Varoluşçu ve hümanistik felsefe hakkındaki güçlü görüşlerinin temel alındığı Varoluşçu psikoterapinin gelişimine katkıda bulunan dört önde gelen kuramcı, Viktor Frankl, Rollo May, James Bugental ve Irvin Yalom olarak sıralanabilir.

Frankl, kendine ait kuramı ve uygulamaları özgürlük, sorumluluk, anlam ve değerlerin araştırılması üzerine kurmuştur. “Anlam Yoluyla Terapi” anlamına gelen logoterapiyi geliştirmiştir. 

Rollo May’e göre, “var olmak” yürek ister ve seçeneklerimiz ne tür bir birey olduğumuzu belirler. Olgunluğa ve bağımsızlığımıza doğru gelişimimizi yönlendirmek istememize rağmen, genellikle büyümenin acı veren bir süreç olduğunun farkına varırız. Bu nedenle, çevreye, aileye, topluma bağımlı olmanın verdiği güvenlik ve hoşnutlukla, büyümenin verdiği acı arasında mücadelelerimizi sürdürürüz.

Bugental, bireyin içinde bulunulan zamandaki varoluşsal güçlükleri ve her bireyin bütünlüğünün hümanistik vurgusu üzerine kendi kuramını geliştirmiştir. Bugental’a göre terapinin odak noktası, yaşamın varoluşsal sorularını nasıl yanıtlayacağını incelemesi için yardım etmek ve yanıtlarını otantik olarak yaşamaya başlamaları için yeniden gözden geçirmektir. 

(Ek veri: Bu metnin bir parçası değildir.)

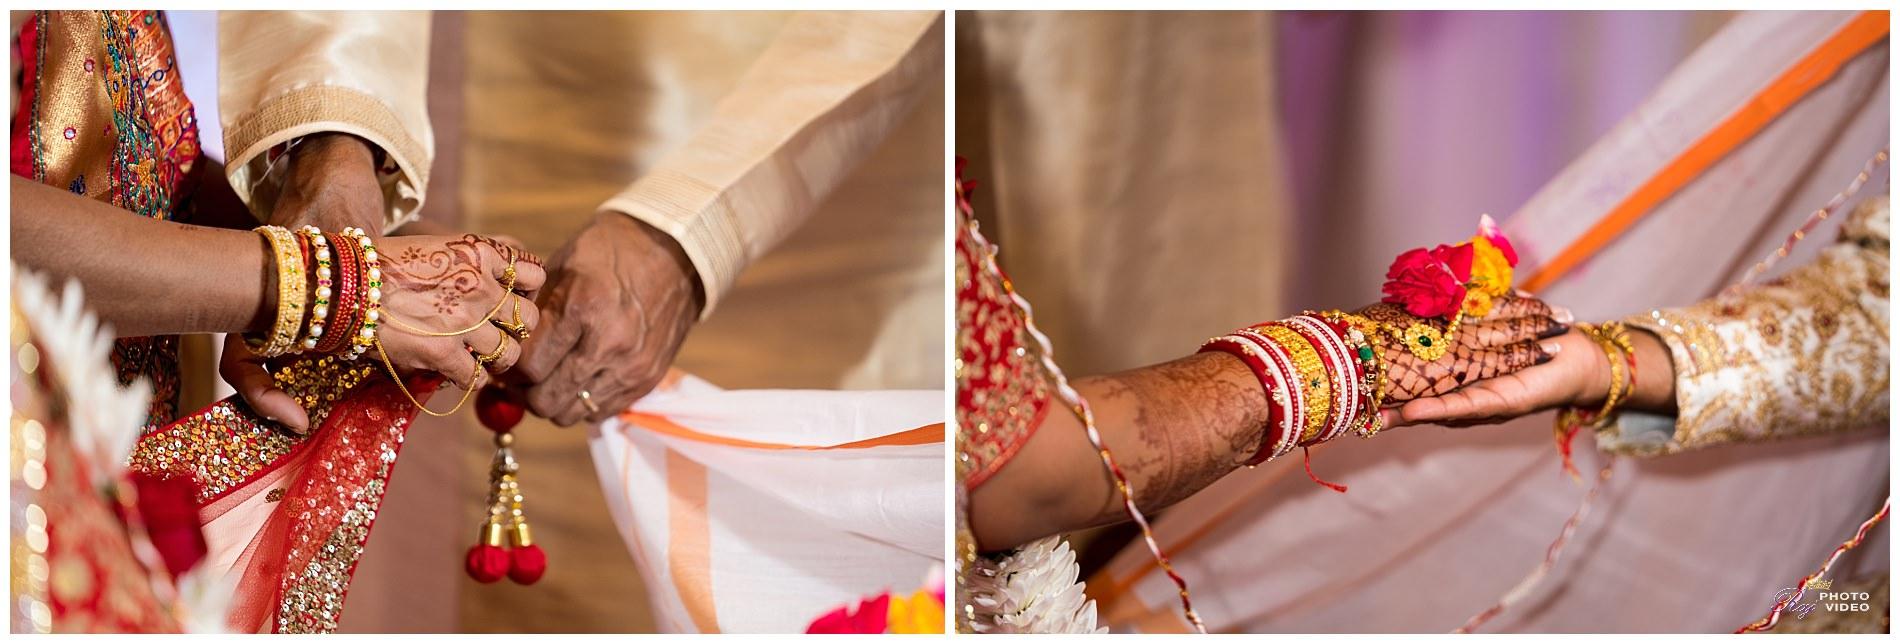 doubletree-by-hilton-hotel-wilmington-de-wedding-krishna-ritesh-60.jpg

Irvin Yalom, en önemli dört insan sorununa odaklanarak varoluşçu terapötik yaklaşımın gelişimine katkıda bulunmuştur. Bunlar; ölüm, özgürlük, varoluşçu izolasyon ve anlamsızlıktır. Çalışmaları üzerinde birçok yazar ve düşünürün etkisi olduğunu açıklamaktadır. Aşağıdaki yazarların ileri sürdükleri görüşlerden yaygın olarak etkilenmiştir:

  • Kierkegaard’dan: yaratıcı kaygı, ümitsizlik, korku ve kaygı, suçluluk, hiçlik
  • Nietzsche’den: ölüm, intihar ve geleceğe ilişkin beklentiler
  • Heidegger’den: otantik olma, destekleme, ölüm, suçluluk, bireysel sorumluluk ve yalıtım
  • Sartre’dan: anlamsızlık, sorumluluk ve seçim
  • Buber’den: kişilerarası ilişkiler, terapide ben ve başkaları yaklaşımı, kişisel dönüşüm (self-transcendence)

“Varoluşçu terapi insanın varoluşundan kaynaklanan kaygılara odaklanan dinamik bir yaklaşımdır. Her birimiz süreklilik, bir zemin, topluluk, ve bir örüntü isteriz; fakat her birimiz kaçınılmaz ölüm, zeminsizlik, yalıtım ve anlamsızlıkla yüz yüze gelmeliyiz. Varoluşçu terapi, anksiyete ve onun uyumu bozan sonuçlarının bu dört güçlü kaygıya karşı verilen bir tepki olduğunu varsayan psikopatoloji modeline dayanır.”